Adjusted diluted EPS grew 15% in dollar terms to $7.54, the strongest since 2011 (excluding 2021), with currency-neutral growth of 14.2%.
Smoke-free product volumes grew 12.8% year-over-year, with IQOS, ZYN, and VEEV as key drivers, and over 43 million adult consumers globally.
Strong cash flow generation supported progressive shareholder returns and continued investment in premium brands.
Provided 2026–2028 growth targets, aiming for continued strong performance and sustainable shareholder value.
Financial highlights
2025 net revenues grew 7.3% year-over-year to $40.6 billion; organic growth was 6.5%.
Adjusted operating income rose 10.6% to $16.4 billion, with margin expansion to 40.4%.
Adjusted diluted EPS was $7.54, up 14.8% from 2024; operating cash flow reached $12.2 billion.
Gross margin increased by 270 basis points to 69.5% for SFPs and 65.5% for combustibles.

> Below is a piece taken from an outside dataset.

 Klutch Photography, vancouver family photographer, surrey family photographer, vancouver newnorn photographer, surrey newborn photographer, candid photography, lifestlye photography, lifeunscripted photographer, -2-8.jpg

Fourth-quarter 2025 net revenues were $10.4 billion, up 6.8% reported year-over-year.
Outlook and guidance
2026 organic net revenue growth forecast at 5%-7%; adjusted diluted EPS projected at $8.38–$8.53, up 11.1%–13.1% (including currency).
Currency-neutral adjusted diluted EPS growth expected at 7.5%-9.5%.

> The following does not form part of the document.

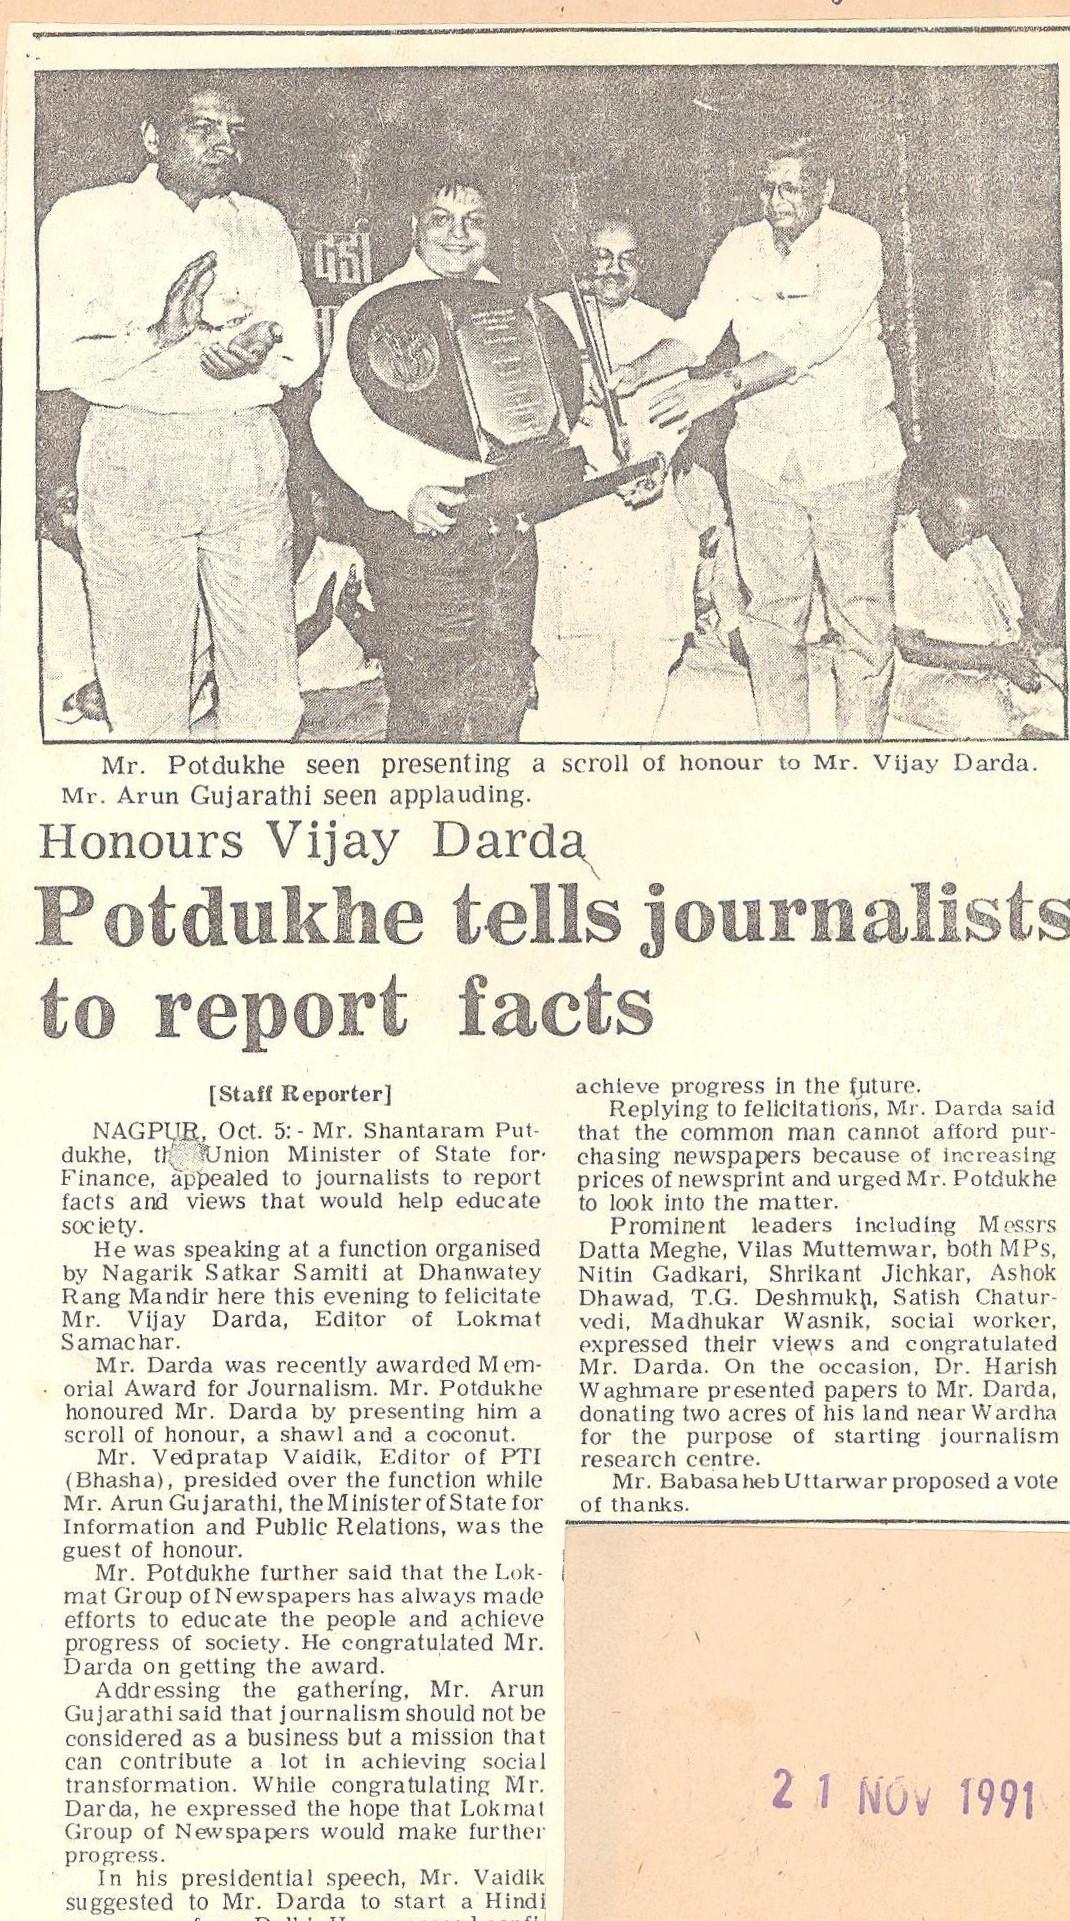 Potdukhe tells journalists to report facts

Operating cash flow projected to accelerate to ~$13.5 billion in 2026.
2026–2028 CAGR targets: 6%-8% for net revenues, 8%-10% for operating income, and 9%-11% for adjusted diluted EPS (excluding currency).
Capital expenditures projected at $1.3–$1.6 billion per year, with net debt to adjusted EBITDA targeted near 2.0x by end of 2026.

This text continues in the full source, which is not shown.